To construct plasmids for NcdS overexpression, RF cloning strategy31 was used and the resultant vectors pUC-kan-NcdS-2 and pUC-kan-NcdS-3 were obtained (Supplementary Fig. 3). For constitutive expression of NcdS-2, the coding sequencing was amplified from pUC-kan-NcdS-2 and inserted into pBCTB to generate pBCTB-NcdS-2.
For constitutive expression of FtNadE, the coding sequence was amplified from pODC29-FtNadE and inserted into pBCTA to generate pBCTA-FtNadE. For constitutive expression of CtCTPS*, the codon-optimized sequencing was amplified from pUC57-CtCTPS* and then inserted into pCF to generate pUC-chl-PpykF-CtCTPS*. The expressing cassettes of CtCTPS* and NcdS-2 were assembled within the Sac I, Xho I, and Nhe I sites of pBCTA-FtNadE, to afford the plasmid pBCT-WXY9, which harbors a constitutive NCD biosynthesis module (Supplementary Fig. 6a and Supplementary Table 6).
PCR-based strategy was used to construct the inducible NCD biosynthesis module (Supplementary Table 7). Primers pA-PolB-294 and pA-DedA-228 were used to amplify the ara operon from E. coli genome, and the fragment was inserted into pUC18 to generate pUC-PolB-DedA. The original genes araB, araA, and araD were replaced by the coding sequence of FtNadE, NcdS-2, and CtCTPS*, respectively (Supplementary Fig. 6b), according to the RF cloning strategy with PCR generated megaprimers31.

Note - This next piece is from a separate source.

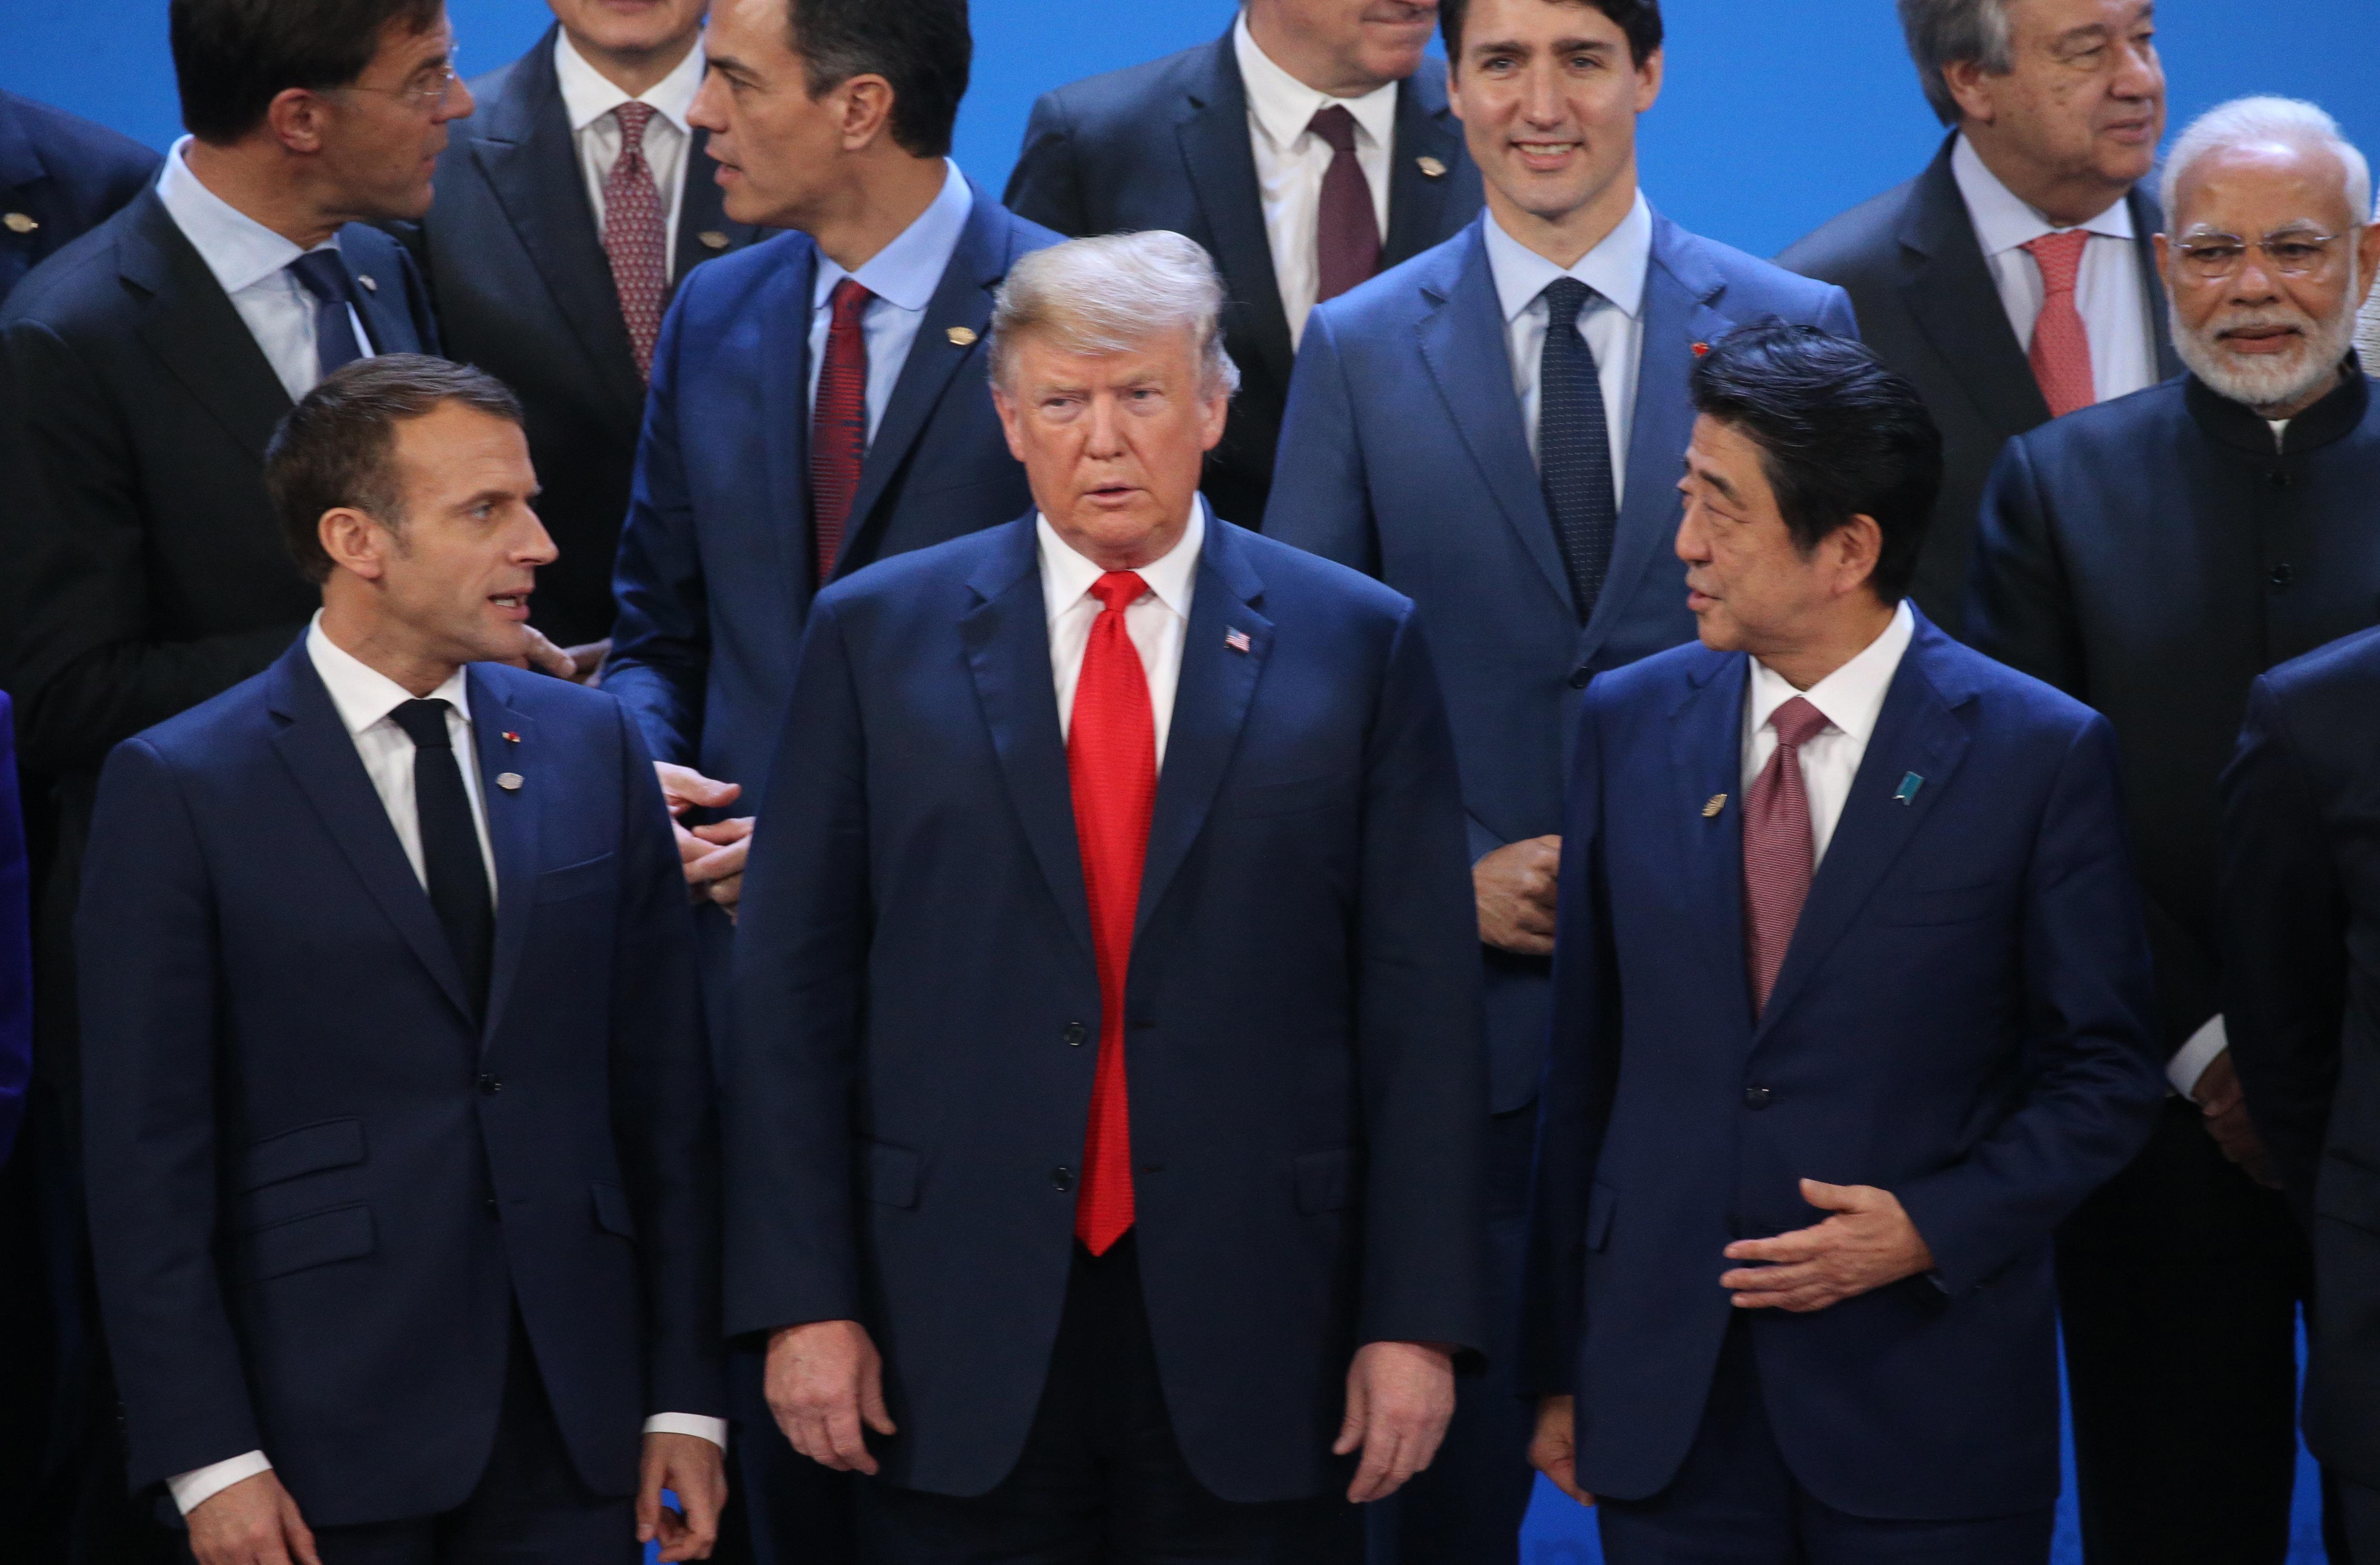 미국을 뺀 19개국이 기후변화 대응에 뜻을 모았다 (G20 공동선언

For the NCD(H) utilization and regeneration vector, plasmid pK-Ldh-V152R/N213C was used as templates for NCD-dependent Ldh*, while plasmid pK-Mae*-Pdh* was used the backbone of double-gene coexpression vector. All genes harbored a His6 tag at the C-terminal. Then, we amplified the ribosome binding site from pET-24b and linked the open reading frames of the two genes. The PCR products digesting after DpnI were transformed into BW25113 (△ldhA, dld::cat) and XYC5016, respectively.
High-throughput screening for NCD biosynthesis activity
The procedures of preparing crude enzyme extracts and the high-throughput screening strategy were established as described previously with minor modifications18. Briefly, colonies from each library were cultured in 96-well deep plates for protein expression. Cell pellets were harvested by centrifugation and lysed by lysis buffer containing lysozyme (1 mg/ml). The supernatants after centrifugation were taking as crude enzyme extracts. A volume of 50 μl substrate-mixture containing 50 mM HEPES (pH 7.5), 5.0 mM MnCl2, 10 mM MgCl2, 2.0 mM NMN, 2.0 mM CTP, and 10 μl crude enzyme extracts was shaken at 37 °C, 200 rpm for 2 h. Then, a volume of 10 μl dyeing-mixture containing 50 mM HEPES (pH 7.5), 5.0 mM MnCl2, 10 mM MgCl2, 30 mM L-malate, 0.15 mM PMS, 0.6 mM NBT, and 0.06 U purified Mae* (Mae-L310R/Q401C) was added and incubated at room temperature for 1 h.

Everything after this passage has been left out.